## Instructions to follow
Quote every line of the data below as it stands, omitting pictures.

## Collected data
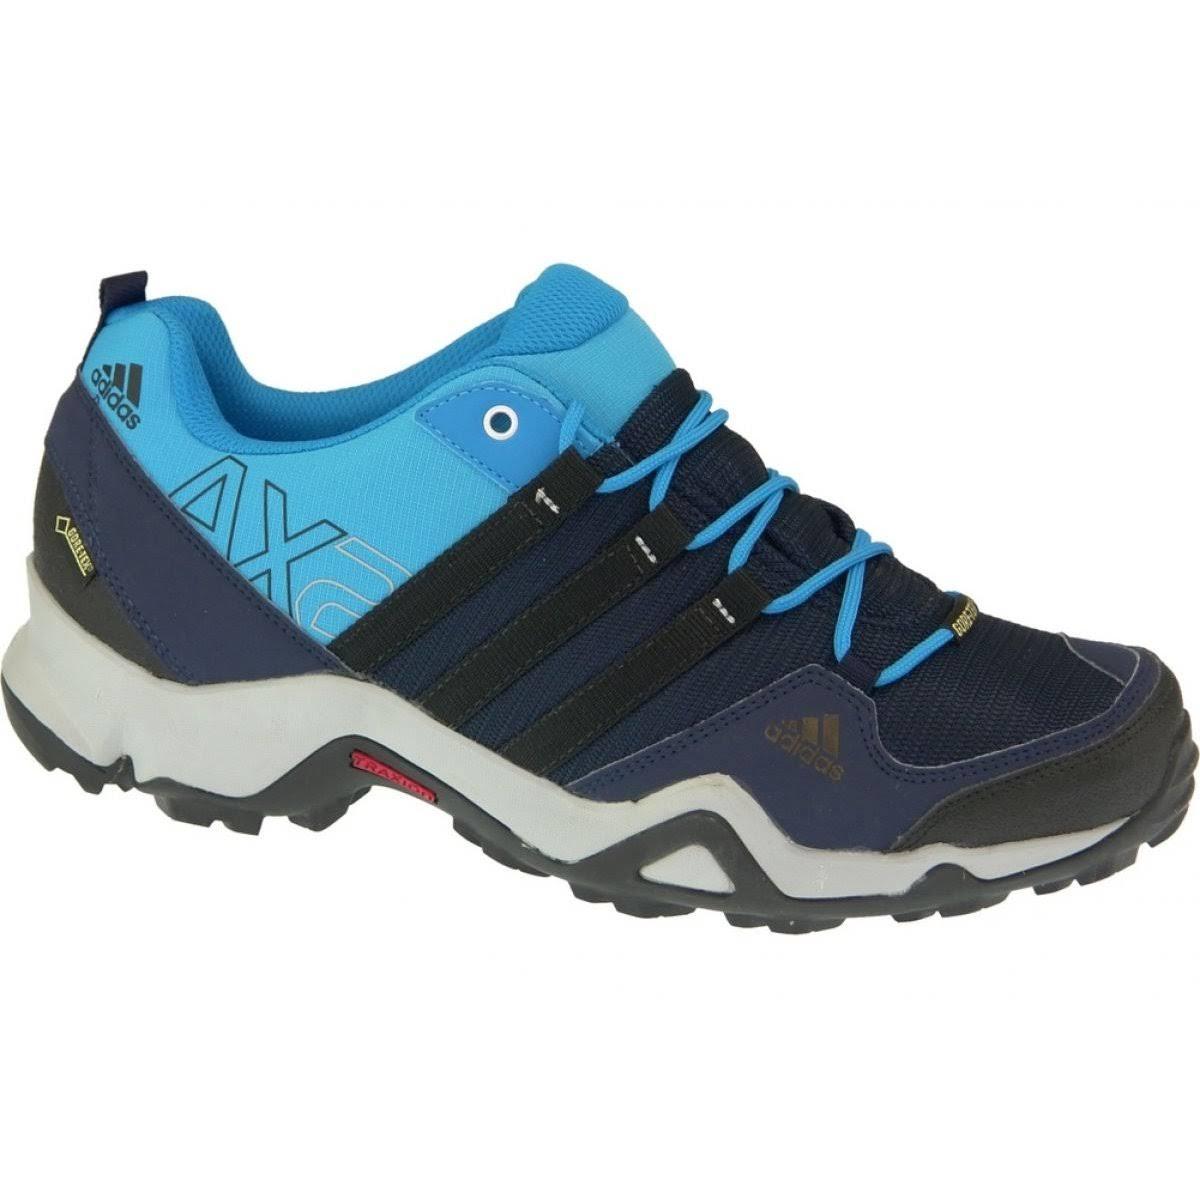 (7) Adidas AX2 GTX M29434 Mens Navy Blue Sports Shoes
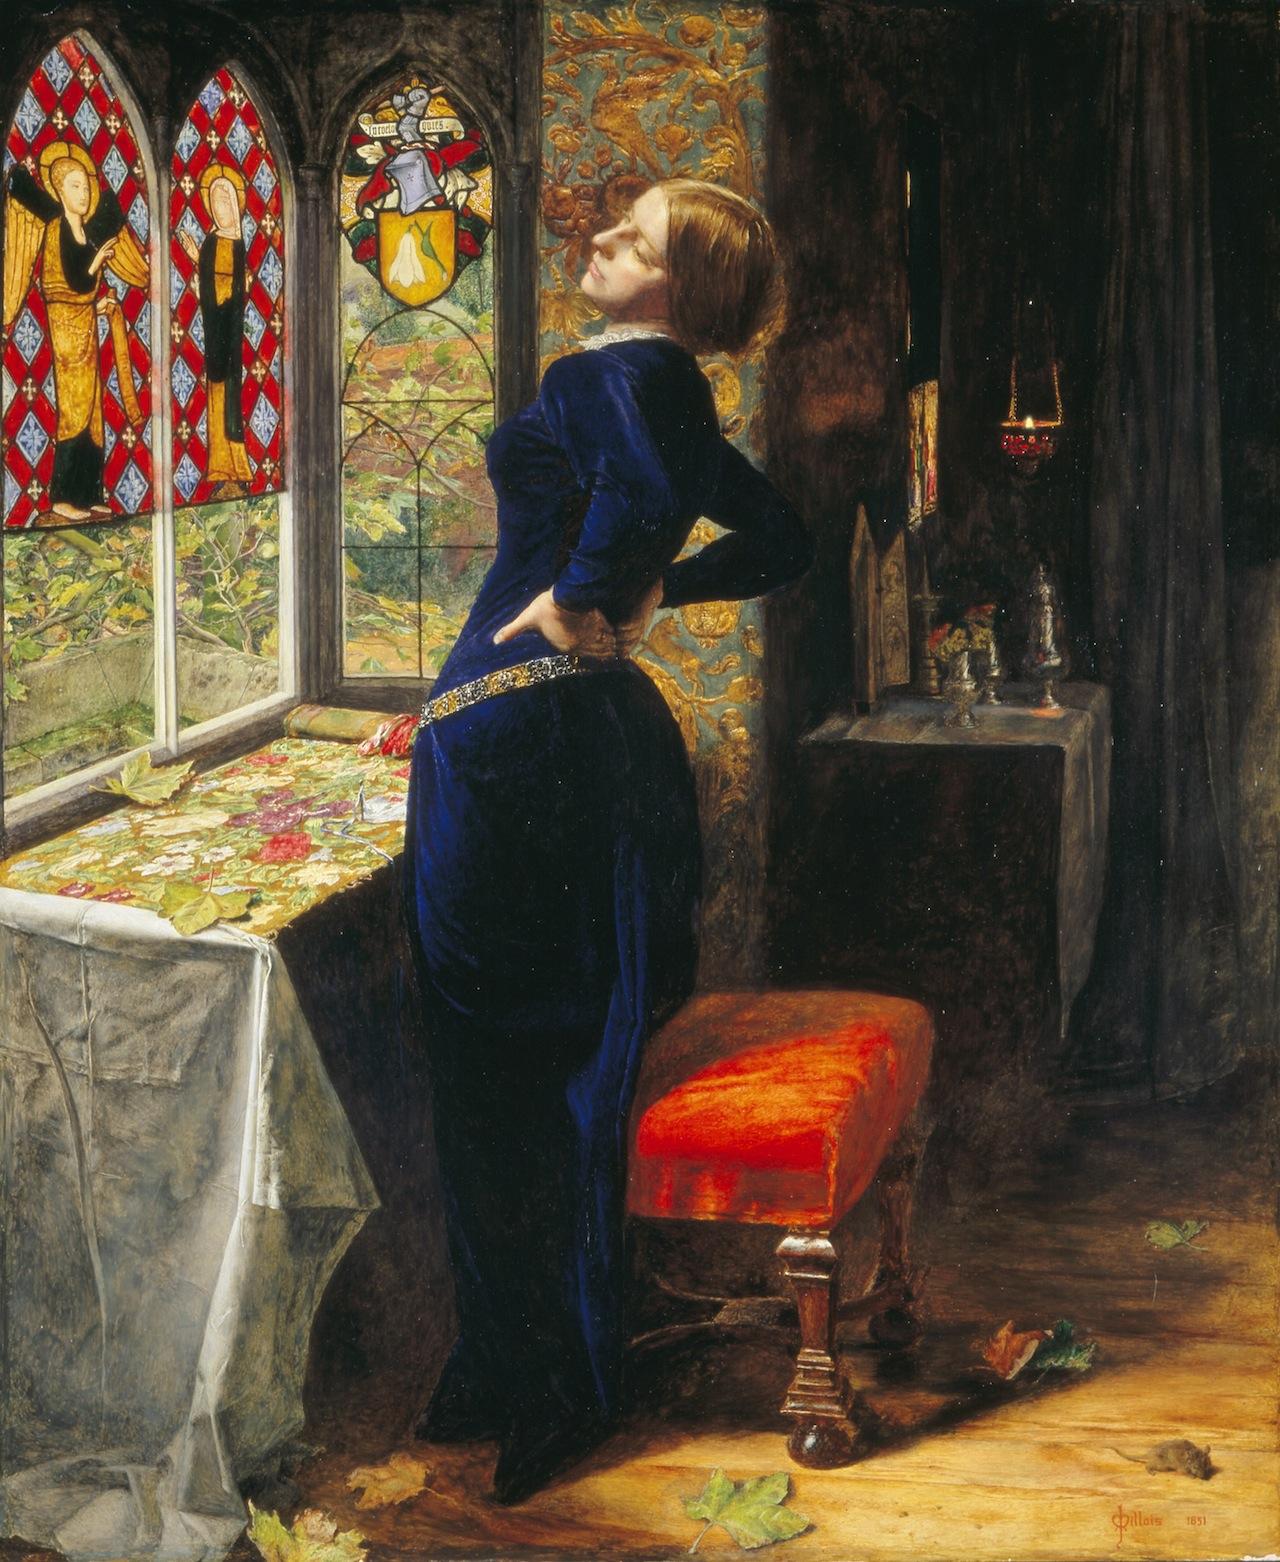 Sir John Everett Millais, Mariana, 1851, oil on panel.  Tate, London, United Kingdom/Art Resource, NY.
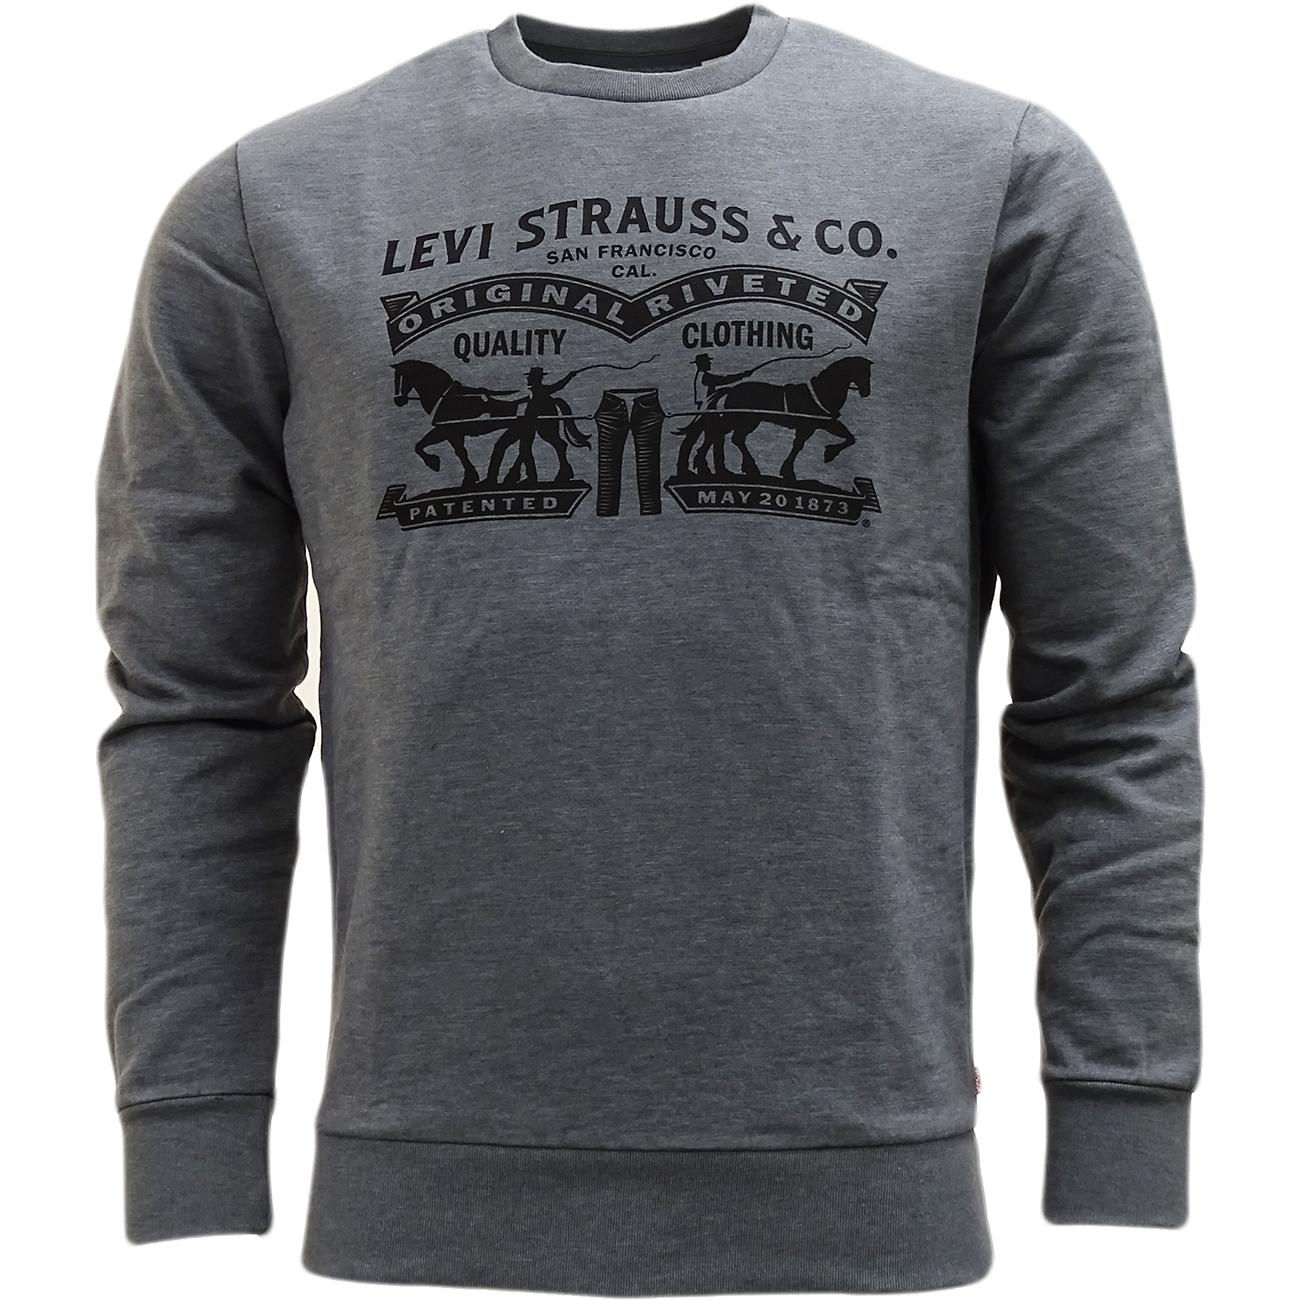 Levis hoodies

## Answer to this problem
 (7) Adidas AX2 GTX M29434 Mens Navy Blue Sports Shoes
 Sir John Everett Millais, Mariana, 1851, oil on panel.  Tate, London, United Kingdom/Art Resource, NY.
 Levis hoodies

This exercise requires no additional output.